1. Basic introduction to BNN
BNN was first proposed by Yoshua Bengio[1] in 2016. In this paper, stochastic gradient descent was used to train a neural network model with binarized weight and activated ACT parameters.
1.1 Forward calculation
In order to solve the gradient transfer problem in the calculation of binarized weight, a real weight (FP32) is kept in the training process, and then a sign function is used to obtain the binarized weight parameters.As the FP32,Is the binarized value:
Where the sign function is 1 as long as the input parameter is greater than or equal to 0, otherwise it is -1:
In the figure below, the above is a 3X3 convolution operation of the binarization weight and the binarization input. The binarization operation is tiling expansion of the convolution kernel and the window of the input data, then XNOR operation, and then bit count to obtain the convolution result.
1.2 Back Propagation
Similar to the perceptive quantization training, the sign function is not differentiable at 0, and there is no way to calculate the gradient when the derivative is 0. Therefore, the straight Through Estimator STE is proposed in this paper, that is, when the gradient transfer encounters the Sign function, the function is directly skipped:
After using the direct estimation STE, the binary neural network can be trained directly by using the same gradient descent method as the full-precision neural network. Weighting parameters can use common optimizer to update, at the same time, considering the training process of weight parameter is not truncated, so weighting parameters may accumulate until big value in particular, between which and the weight of binarization quantization error is bigger and bigger, so the paper weight increase truncation of the training function, the restrictions between 1 and + 1, In this way, the error deviation between weight parameters and binarized weight parameters in the training process will not be too large:
Since there are embedded modifications to the FP32 training process, it will certainly lead to longer training time, and the final experimental results are not as accurate as FP32, what is the use?
In fact, the biggest effect is forward as shown in the figure, can 1 bit xor no and POP count operation, to replace FP32 convolution multiplication and accumulation operation, in the actual model deployment and reasoning, not only can reduce 32 times the memory parameter storage, but also can run faster than the horse!
3. BNN network structure
In recent years, a variety of binary neural network methods have been proposed, ranging from naive binarization, which uses predefined functions to directly quantify weights and inputs, to optimization-based binarization, which uses a variety of angles and techniques, These include approximating full precision values by minimizing quantization errors, limiting weights by modifying network loss functions, and learning discrete parameters by reducing gradient errors.
Among them, Binary Neural Networks: A Survey, the latest review article of Beihang University, has written A good review of many binarization network models. The following ZOMI briefly introduces A BNN network model structure that I think is more exciting.
4. Hardware implementation
In terms of the flow of binary networks, the main reason for BNN acceleration is the substitution of XNOR and Pop Count operations for the expensive multiplication-summation MAC operations used in traditional convolution algorithms.
The general purpose x86 computing architecture is essentially optimized for FP32 full precision type data, so the benefits of deploying BNN directly on the general purpose x86 computing platform are not obvious, and may not only have no acceleration, but may even be slower than the equivalent FP32 network model.
Here is a simple analysis of ARM CPU and FPGA platform respectively.
ARM CPU
BNN is actually currently focused on mobile deployment. BMXNet 2017[3] is a binary open source framework based on MXNet developed by Haojin Yang, a researcher from Germany Hasso Plattner Institute. Support for training using CuDNN and inference using binary operators XNOR and Pop Count.
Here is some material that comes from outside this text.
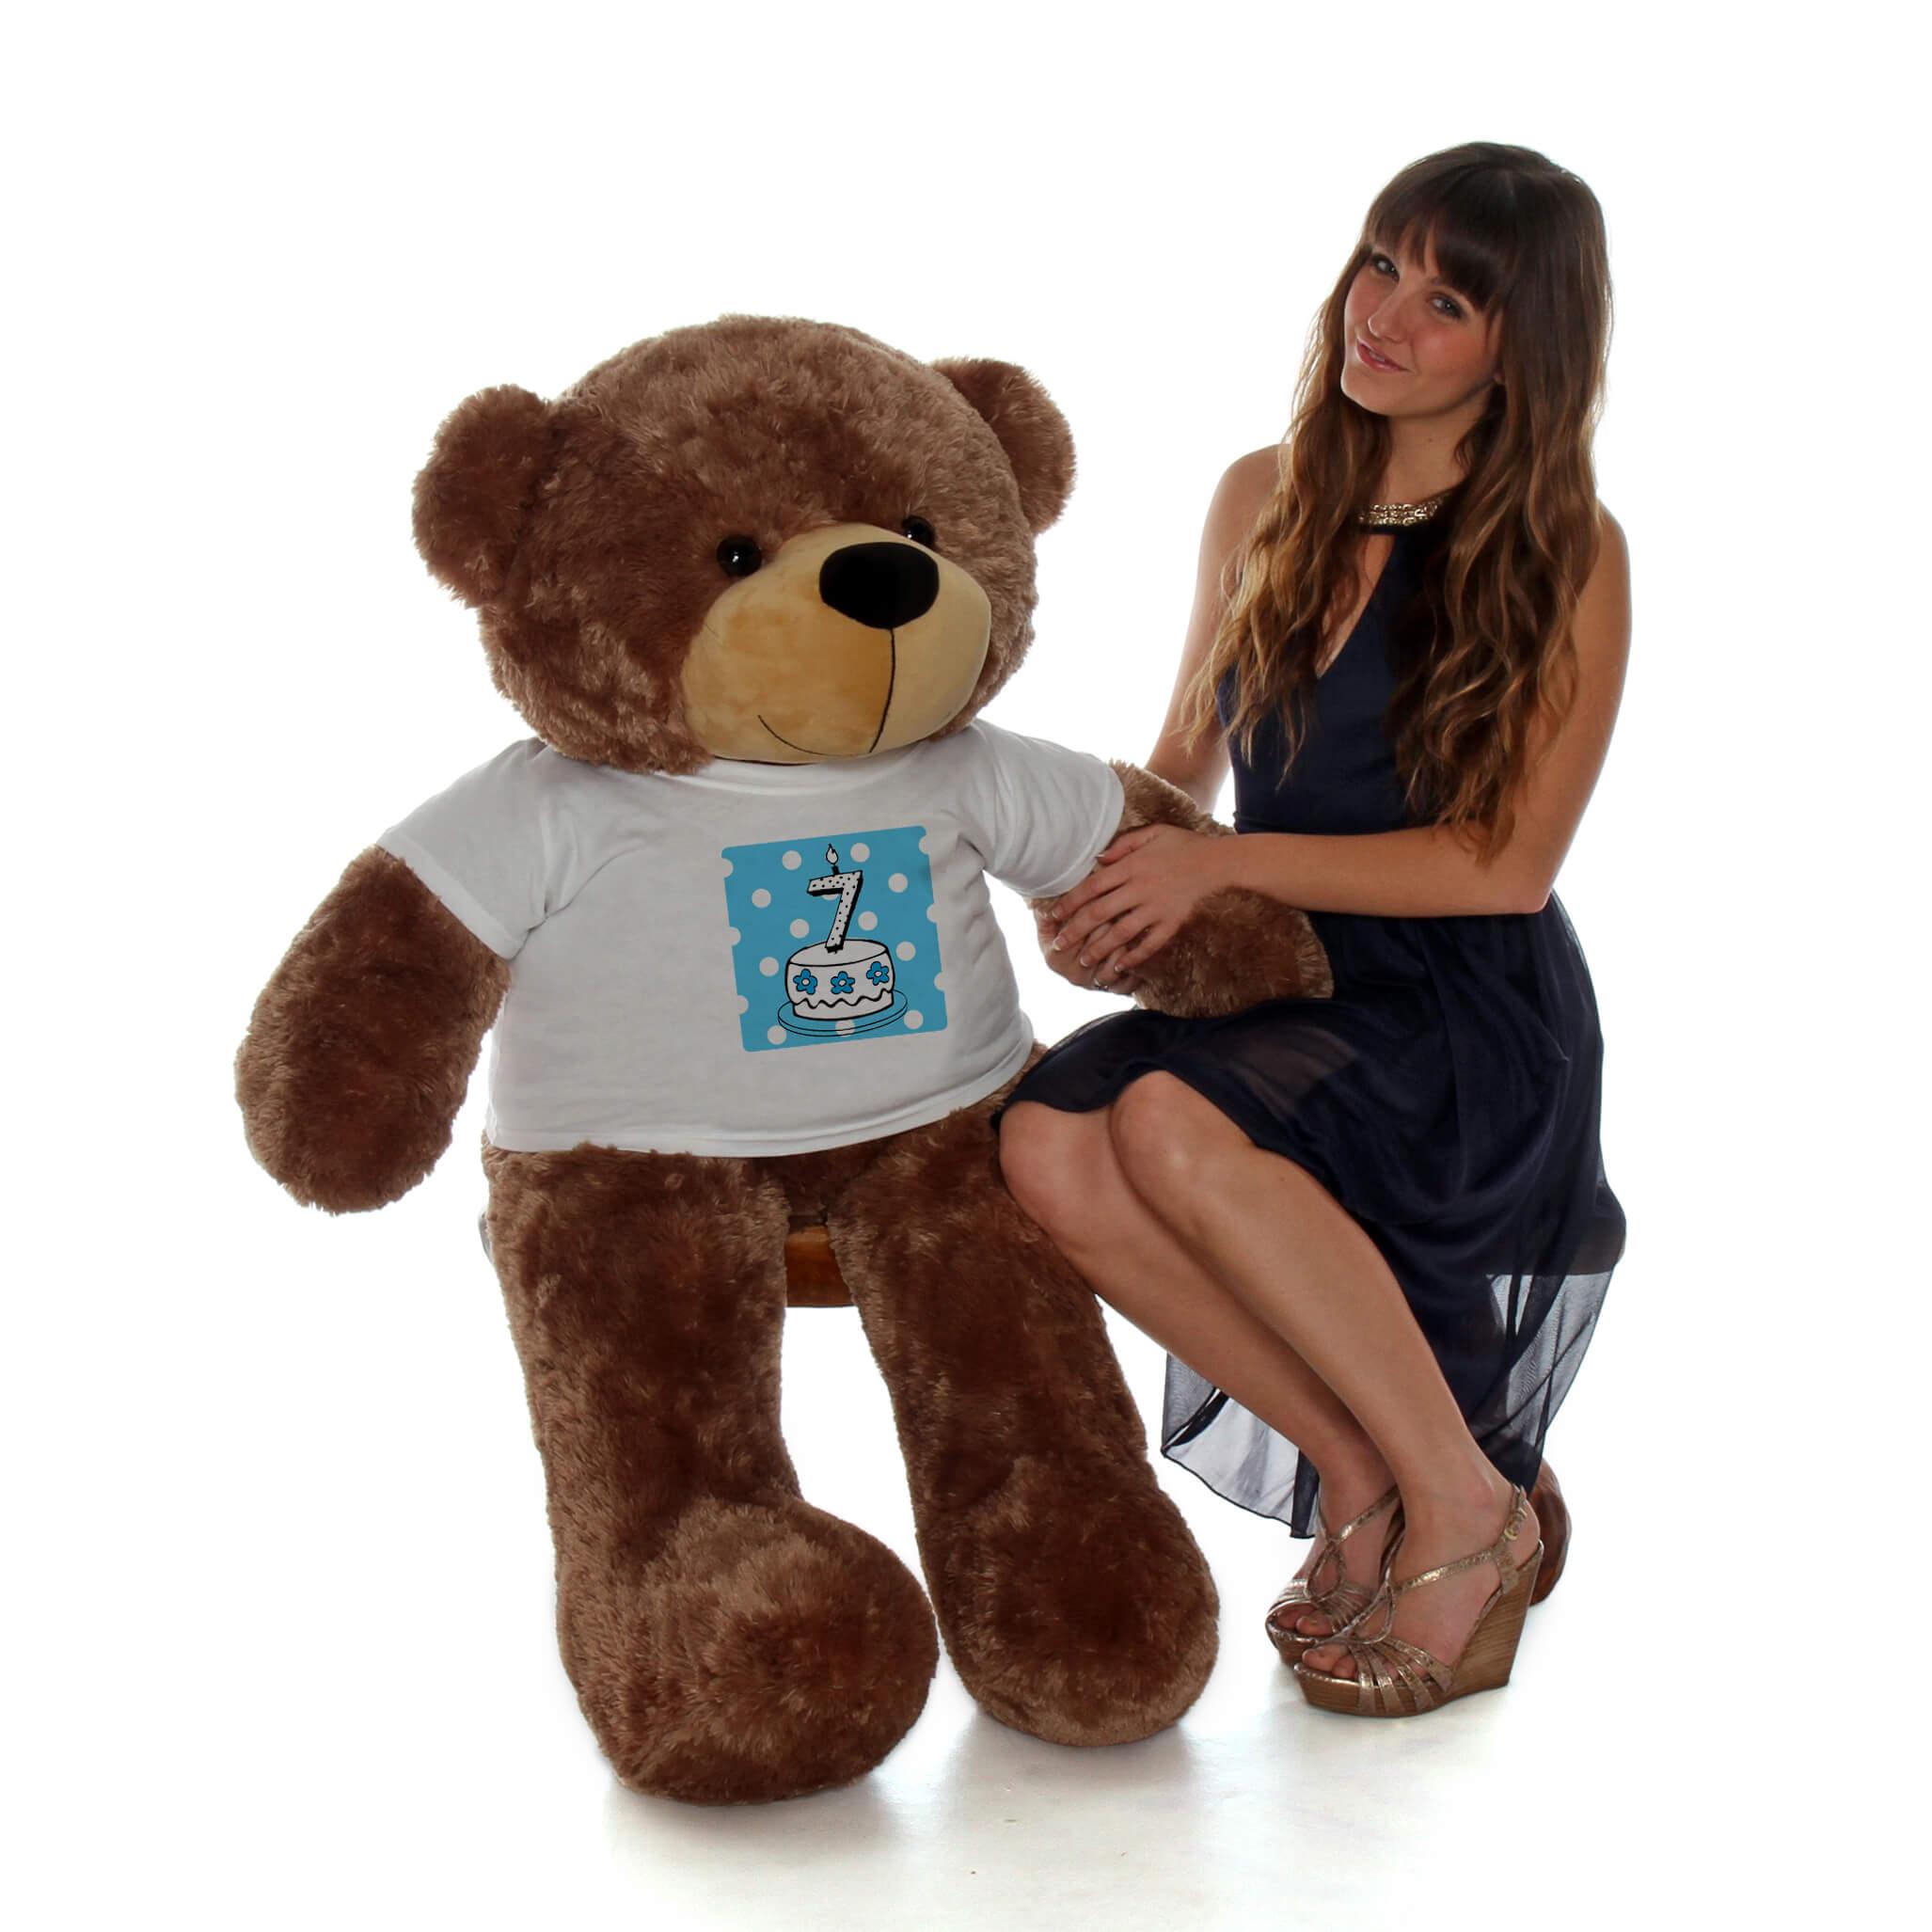 4ft-giant-teddy-sunny-cuddle-mocha-brown-bear-in-blue-birthday-cake-t-shirt.jpg
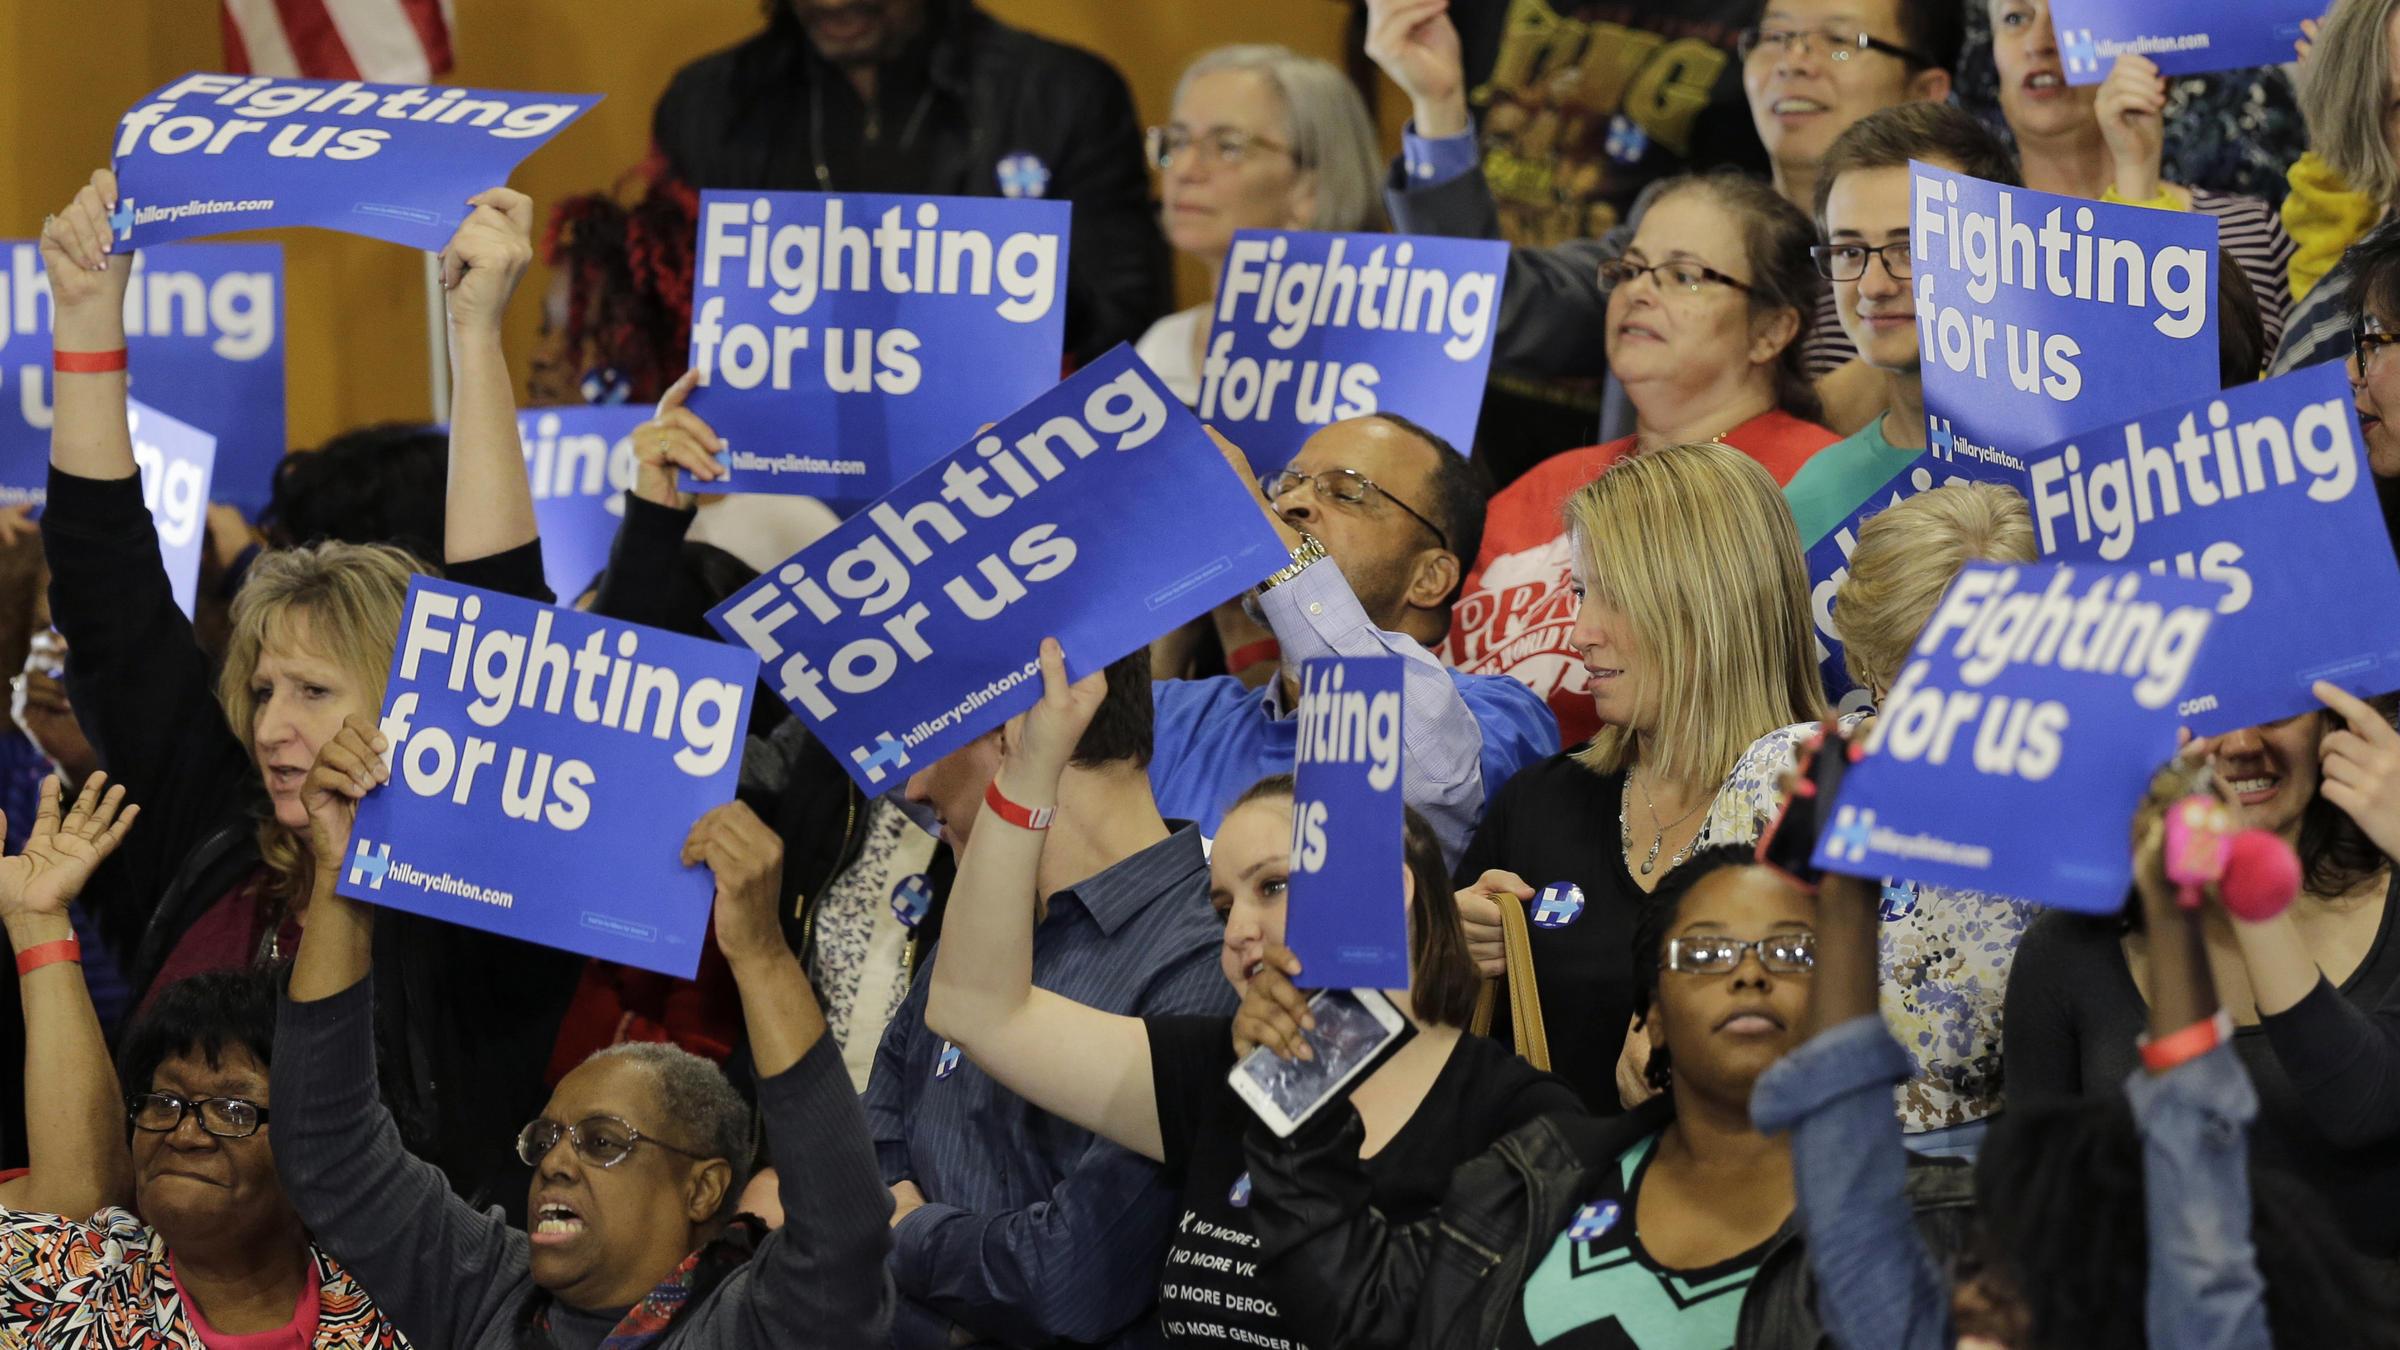 Trump leads Rubio in Florida, Kasich in Ohio

The downside is that the binary kernel is not specifically tuned and therefore does not perform as fast on an ARM CPU.
Dabnn 2019[4] is launched by JINGdong AI Research Institute based on BNN inference tool after assembly tuning. It improves the reasoning speed of BNN on the ARM side of the framework, but this tool is not used for model training, you need to use other tools for training.
\
Bmxnet-v2 2019[9], Bethge and Yang et al. open source the second version of Gluon API support. A series of improvements adopted by the framework greatly reduce the difficulty of model training and the cost of MXNet synchronization. The second release not only improves efficiency, but also continues to support compression and binary reasoning of models that can be deployed on a variety of edge devices.
The FPGA and ASIC
Compared with traditional cpus, FPGas are flexible in hardware architecture and can support efficient bits-wise computing with low power consumption, especially the ultimate ASIC, which can be more efficient and energy efficient than FPGas.
At present, Xilinx devices and development tools are mainly used to design AI accelerators with FPGA, and they also designed a special architecture FINN for binary neural networks. Developers can use high-level Synthesis Tools (HLS) to develop in C language, and directly deploy the binary model on FPGA.
conclusion
Although BNN has made great progress in the last five years, the big problem is that the loss of accuracy is still a headache, especially for large networks and data sets. The main reasons may include:
1) There is no binarization network model of SOTA at present, so it is uncertain what kind of network structure is suitable for binarization;
2) Even with gradient estimators or approximation functions for binarization, optimizing binary networks in discrete Spaces is a challenge.
In addition, as mobile devices become more widely used, more work will be done on these applications to enable different tasks and models to be deployed on different hardware. For example, touch analysis and click analysis in earphones are mostly for signal classification. In fact, large models are not needed. On the contrary, at this time, binary network can classify signal data with high precision to determine whether to double click to stop playing music or drag to amplify sound.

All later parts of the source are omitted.